(Data excerpts)
◇ ◇ ◇
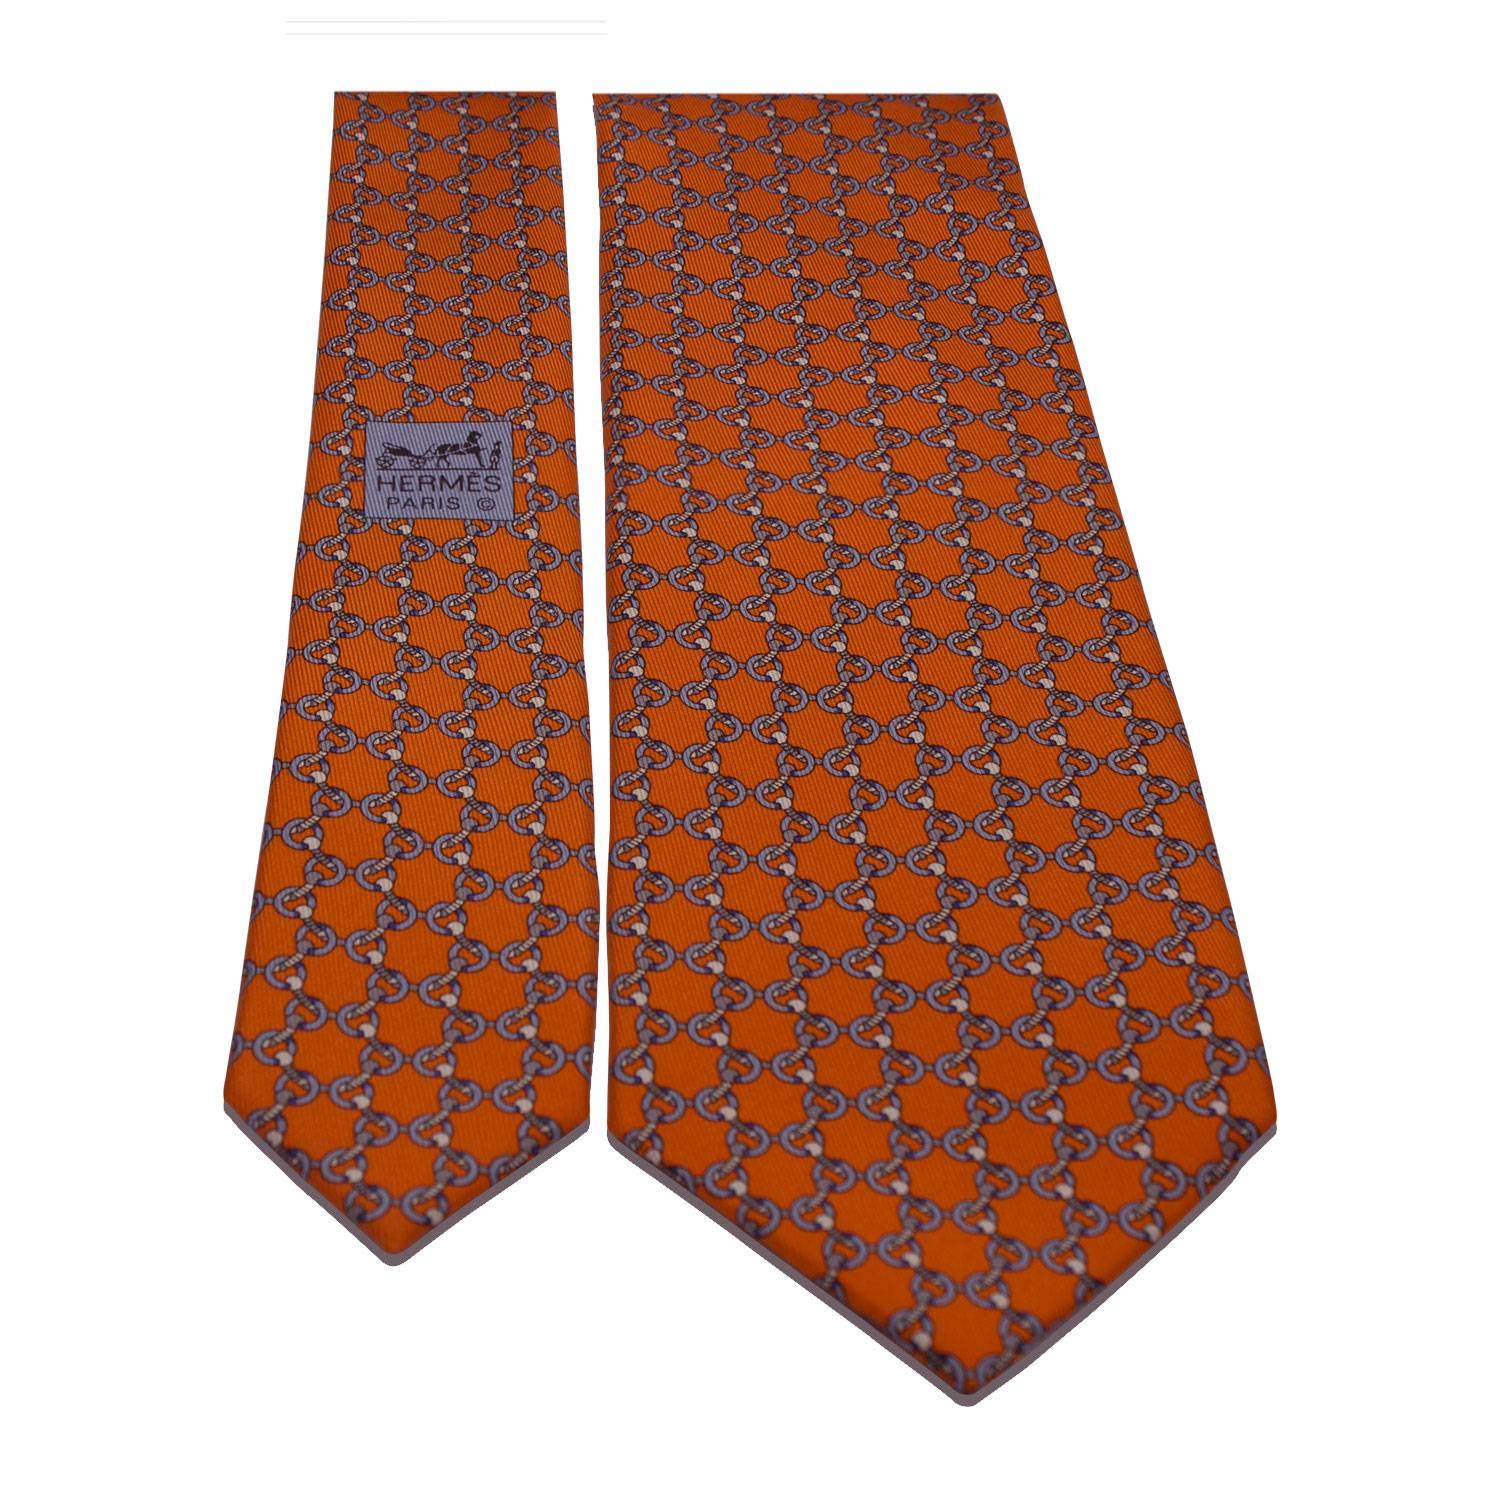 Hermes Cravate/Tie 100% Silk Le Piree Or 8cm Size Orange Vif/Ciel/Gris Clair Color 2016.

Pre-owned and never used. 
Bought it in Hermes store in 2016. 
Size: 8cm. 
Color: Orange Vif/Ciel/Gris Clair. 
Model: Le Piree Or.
◇ ◇ ◇
** Work task **
Only an exact copy of the entries, with no pictures, is expected as the answer.

** Output of the task **
 Hermes Cravate/Tie 100% Silk Le Piree Or 8cm Size Orange Vif/Ciel/Gris Clair Color 2016.

Pre-owned and never used. 
Bought it in Hermes store in 2016. 
Size: 8cm. 
Color: Orange Vif/Ciel/Gris Clair. 
Model: Le Piree Or.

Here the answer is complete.